Today I picked up the Anchor Distillery's single malt rye whiskey, and let me tell you it is as good as one might expect from Fritz Maytag. The man virtually started the micro-brewing explosion in this country with Anchor Steam, and he's gone and started a micro-distillery dedicated to the early American styles of Whiskeys and Gin. I love the Junipero Gin, and now I can say with assurance that he's struck gold again with the Potrero Single Malt Rye Whisky. The whisky is smooth and sweet and complex. I love it.
Luke, this drink is for you.
Tuesday, December 13, 2005
The full-sized version of this image may be found here.
Talking with some friends at work with whom I occaisionally go out shooting, I mentioned how envious I was that each of them appeared to have a good eye for composition, whereas I did not. I am technically very capable with my camera, but I never feel that I am seeing a shot that more artistic photographers see.
My friends came up with a theory. This theory was that I wasn't patient enough when considering a subject, to find that angle or story that existed in the scene. I think they were being kind in disagreeing that I didn't have an essential artistry in my soul, but whatever.
So here was an attempt directly derived from that conversation where I found an interesting sculpture, and instead of taking a complete shot of the whole, tried to find a graceful note in a partial rendering. Comments welcome...
Monday, December 12, 2005
The full-sized version of this image can be found here.
I have this friend. She announced one day that the Aurora Borealis was coming to Northern Illinos, and it would arrive that night around midnight.
So I did some research on photographing the lights at night, and headed out that night to find a place far from Chicago's bright lights. I drove for over an hour to a field by a factory of some sort, that had a very nasty dog guarding it.

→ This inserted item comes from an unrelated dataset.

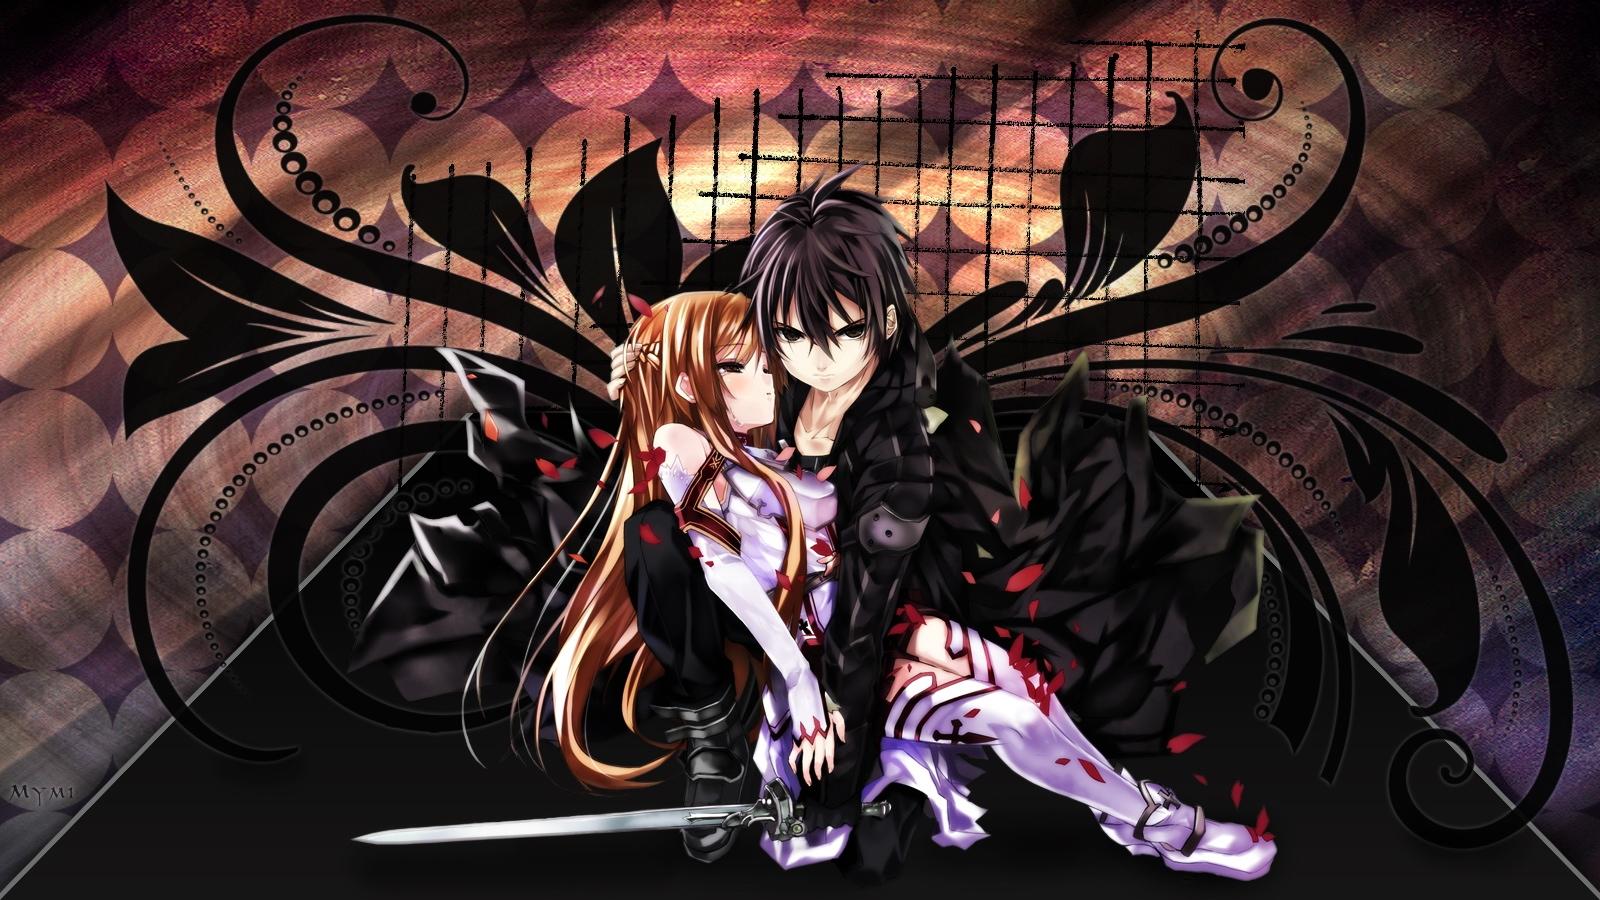 Sword Art Online Wallpaper 1600x900 wallpaperhere 1600x900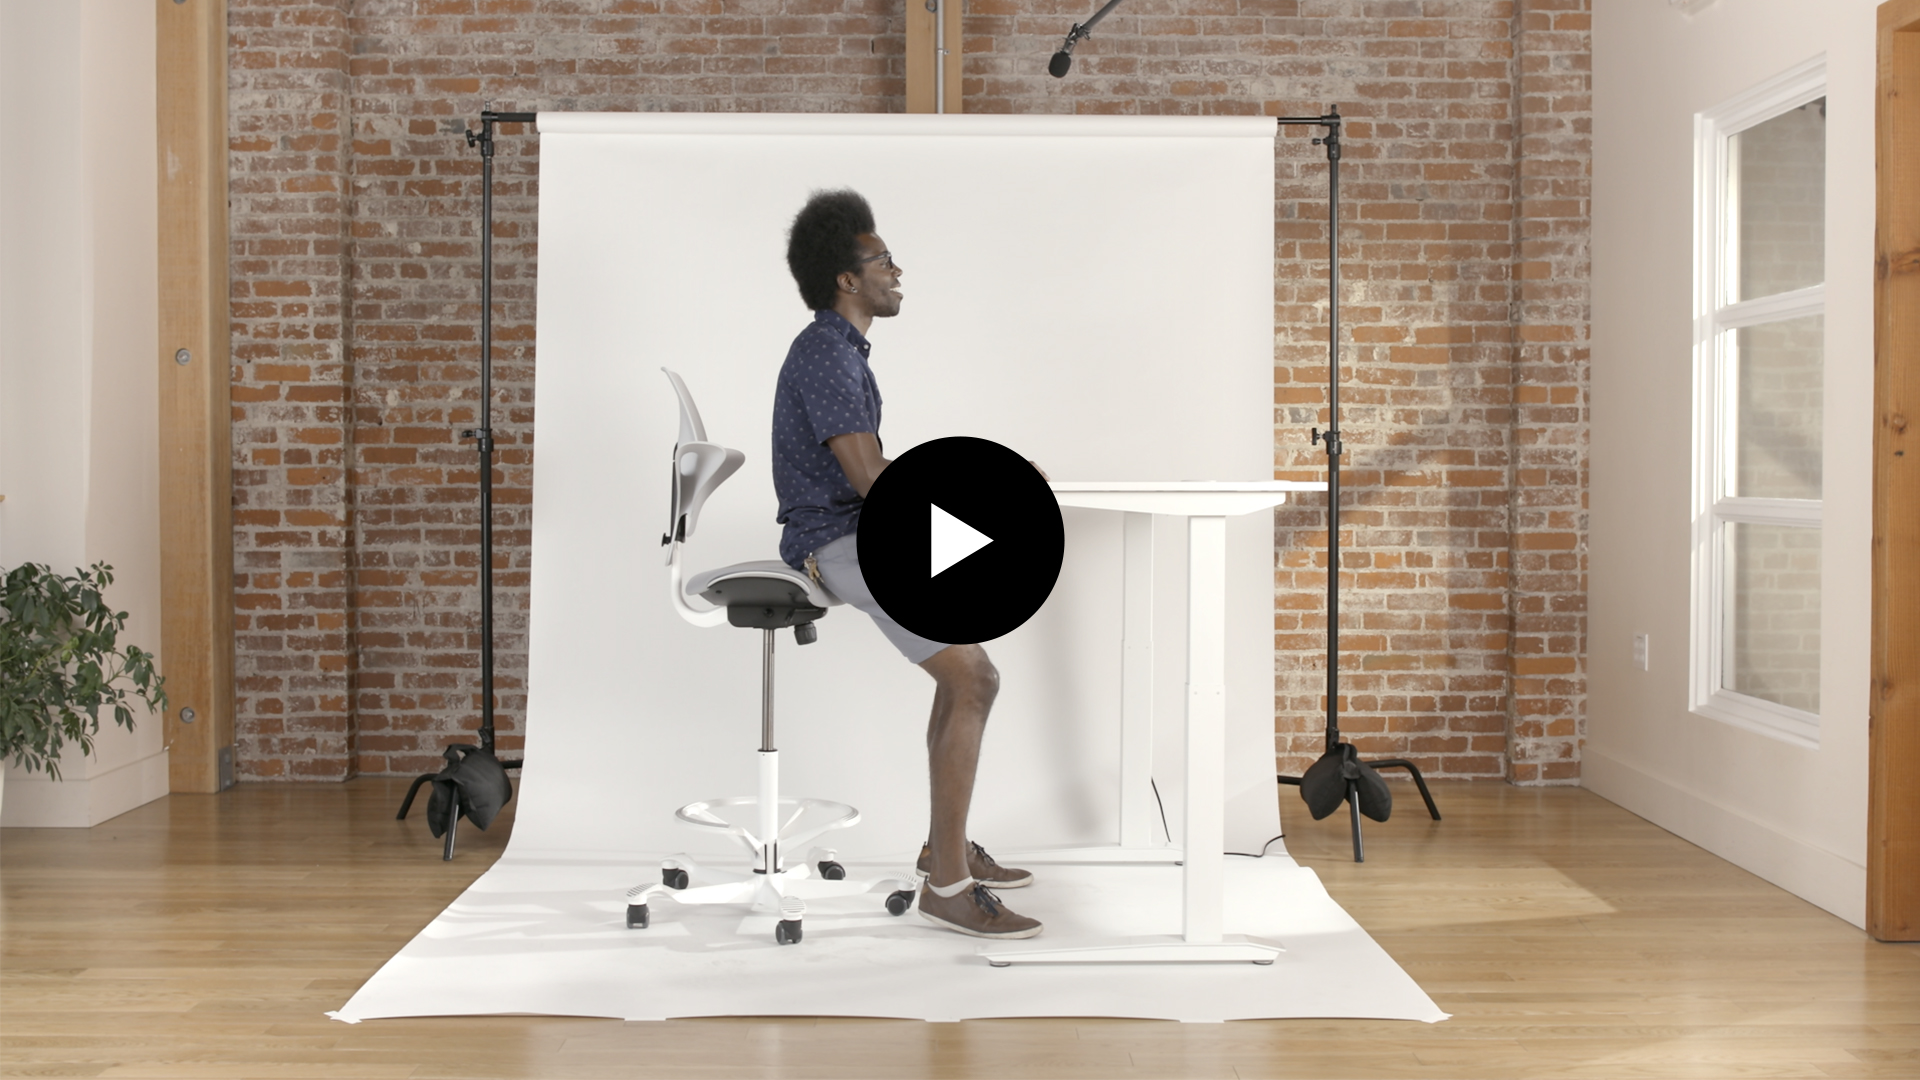 posture chair joe rogan covers for graduation hag capisco ergonomic office fully

I took some test shots, with an exposure of about 30 seconds, and then settled in to wait for the show.
Then time passed some more.
Time was hopelessy repetetive in its dedication to passing. No lights. I was out in that field until past 1am, and then drove home. The next day at work I gave her no end of grief, as all I ended up with were test shots.
Amazingly, I really liked the test shot. The night was very black, and with an exposure so long the sky has a marvelous shade of purple. You can see the beautiful artistry the shot would have created had the lights actually shown and silhouetted that tree. In the lower right you can see the edge of the factory from which the scary dog terrorized me.
Sunday, December 11, 2005
A larger version of the image can be found here.
My wife sent me out to the local forest preserve the other day, having really liked the look of open land in December.
The wide shots of the ground never came out, but one reason I like digital photography is the flexibility in post-prodcution -- I don't have a dark room at home. The resulting photograph is the best of the bunch, and in its way shows Northern Illinois in a kind of stark beauty.
Saturday, December 10, 2005
Friday, December 09, 2005
It's good advice. My problem is that so much is left untaught, and most of it is garbage. How do I find the right lessons from competing messages?
We decorated the Christmas tree tonight. It was a lot of fun. I love some of our ornaments, and the re-discovery of old favorites is so much of the joy. My daughter is six and she has just begun to recognize the continuity of the holidays and is busy try to enjoy the memories.